Synthetic Data Generation Package¶
Home > Packages > Synthetic Data Generation
The Synthetic Data Generation package creates realistic test datasets at any scale. It supports multiple data patterns and both single-dataset and incremental time-series generation.
At a Glance¶
| Item | Summary |
|---|---|
| Purpose | Generate realistic synthetic datasets for testing and development |
| CLI Commands | generate, list, compile |
| Target Environments | Lakehouse, Warehouse |
| Scale Range | 1K to 1B+ rows |
| Data Domains | Retail, Finance, Healthcare, E-commerce |
| Schema Types | OLTP (transactional), OLAP (star schema) |
| Generation Modes | Single dataset, Time-series incremental |
| Key Features | Realistic relationships, configurable patterns, reproducible seeds |
Overview¶
The package provides: - Multi-Scale Generation: From thousands to billions of rows - Domain-Specific Datasets: Pre-configured datasets for retail, finance, healthcare, and e-commerce - Flexible Schema Support: OLTP (transactional) and OLAP (star schema) patterns - Single and Series Generation: One-time datasets or time-based incremental data - Runtime Configuration: Modify parameters through notebook configuration
Current CLI Commands¶
The package currently supports three main commands:
1. generate - Create Ready-to-Run Notebooks¶
ingen_fab package synthetic-data generate <config> [OPTIONS]
Options:
--mode Generation mode: 'single' or 'series' [default: single]

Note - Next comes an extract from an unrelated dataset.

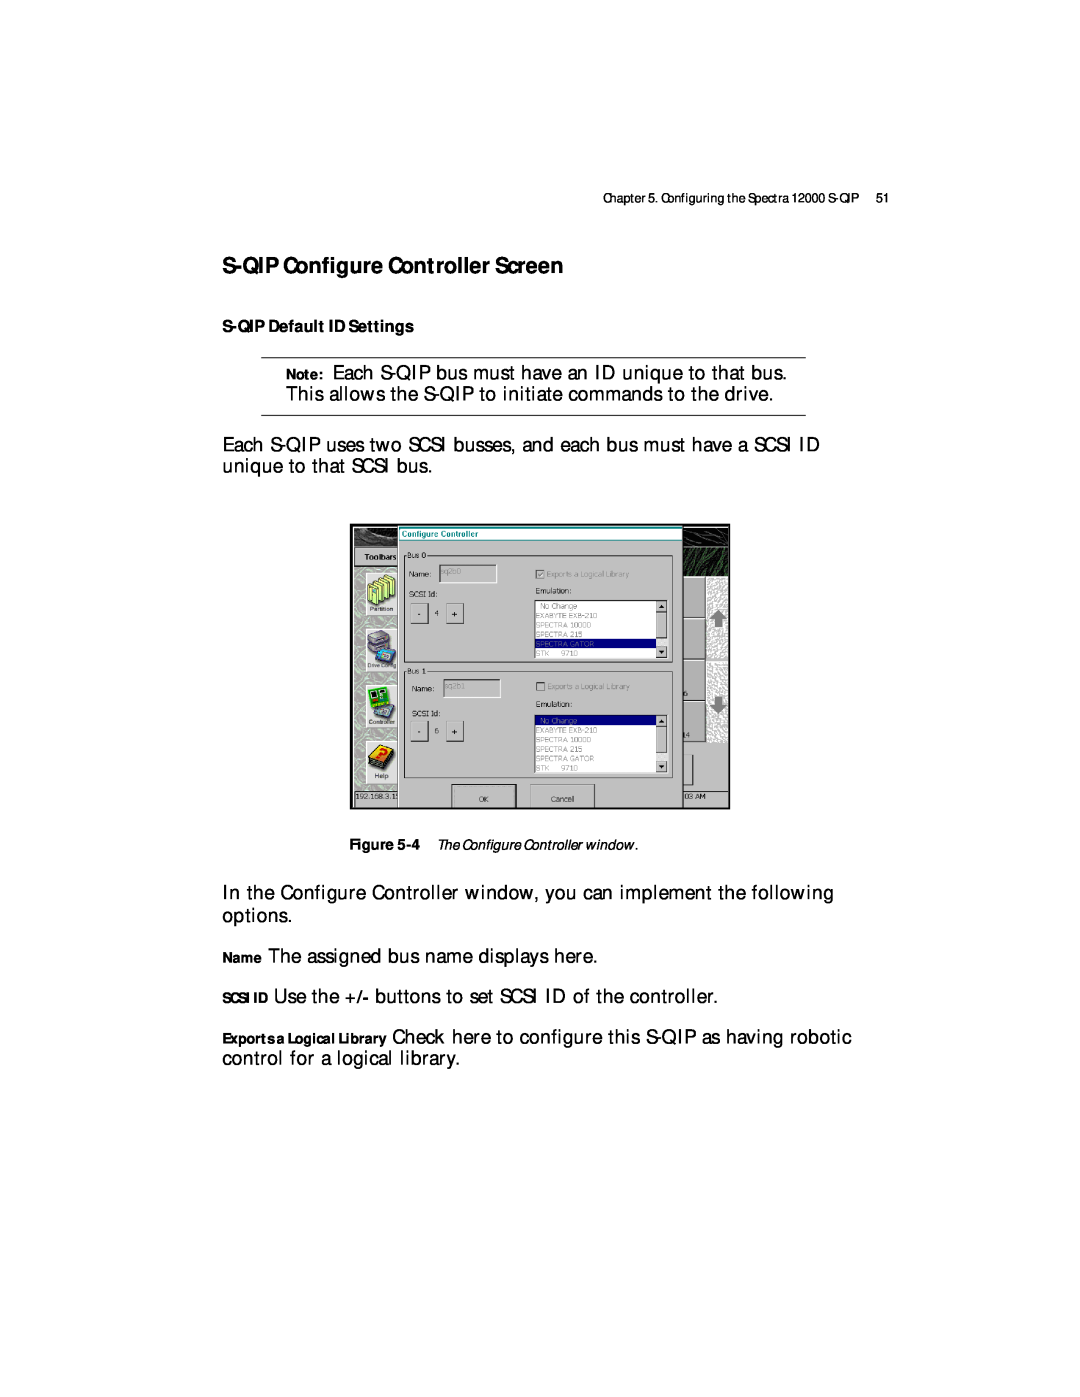 Spectra Logic Spectra 12000 manual S-QIP Configure Controller Screen, S-QIP Default ID Settings

--parameters JSON string with generation parameters
--output-path Custom output path for generated files
--dry-run Preview without generating files
--target-environment Target: 'lakehouse' or 'warehouse' [default: lakehouse]

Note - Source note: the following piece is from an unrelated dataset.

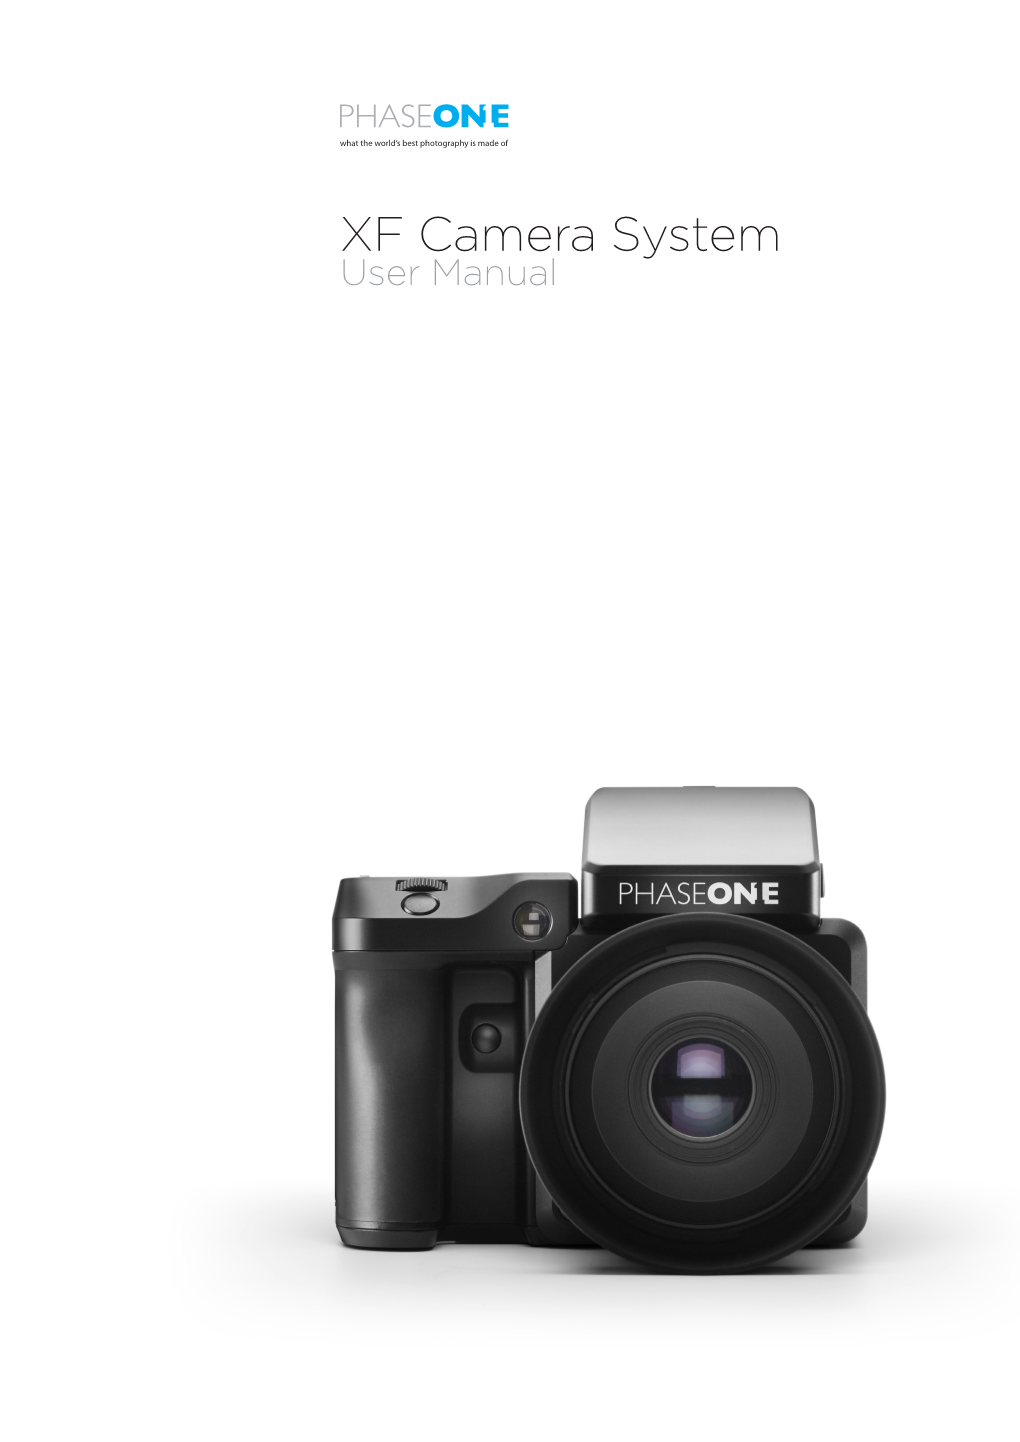 XF Camera System User Manual

--no-execute Don't execute the notebook after generation
2. list - Show Available Configurations¶
ingen_fab package synthetic-data list [OPTIONS]
Options:
--type, -t What to list: 'datasets', 'templates', or 'all' [default: all]
--format, -f Output format: 'table' or 'json' [default: table]
3. compile - Create Template Notebooks¶
ingen_fab package synthetic-data compile [TEMPLATE] [OPTIONS]
Options:
--runtime-config JSON configuration for compilation
--output-format Output: 'notebook', 'ddl', or 'all' [default: all]
--target-environment Target: 'lakehouse' or 'warehouse' [default: lakehouse]
Available Datasets¶
Retail Domain¶
retail_oltp_small/retail_oltp_large- Transactional systemretail_star_small/retail_star_large- Analytics star schema
Financial Domain¶
finance_oltp_small/finance_oltp_large- Banking systemfinance_star_small/finance_star_large- Financial analytics
E-commerce Domain¶
ecommerce_star_small/ecommerce_star_large- E-commerce analytics
Healthcare Domain¶
healthcare_oltp_small- Healthcare system (anonymized)
Single Dataset Generation¶
Basic Usage¶
Generate a single dataset with default parameters:
# Generate small retail dataset
ingen_fab package synthetic-data generate retail_oltp_small
# Generate with custom parameters
ingen_fab package synthetic-data generate retail_oltp_small \
--parameters '{"target_rows": 100000, "seed_value": 42}'
Configuration Parameters¶
Working Parameters for Single Dataset¶
| Parameter | Description | Default | Example |
|---|---|---|---|
target_rows | Number of rows to generate | 10000 | 100000 |
seed_value | Random seed for reproducibility | None | 42 |
output_mode | Output format | "table" | "parquet", "csv" |
generation_mode | Generation engine | "auto" | "pyspark" |
scale_factor | Multiplier for all table sizes | 1.0 | 2.5 |
Parameters That Exist But Don't Work¶
These parameters may appear in configurations but have no effect: - chunk_size - Not implemented in generation logic - parallel_tables - Tables are always generated sequentially - memory_fraction - Memory management not configurable - enable_spill - Disk spilling not implemented - compression - Compression settings ignored - parallel_workers - No parallel processing
Generation Modes¶
auto: Automatically selects PySpark (always uses PySpark currently)pyspark: Uses distributed Spark for generationpython: Not actually available (falls back to PySpark)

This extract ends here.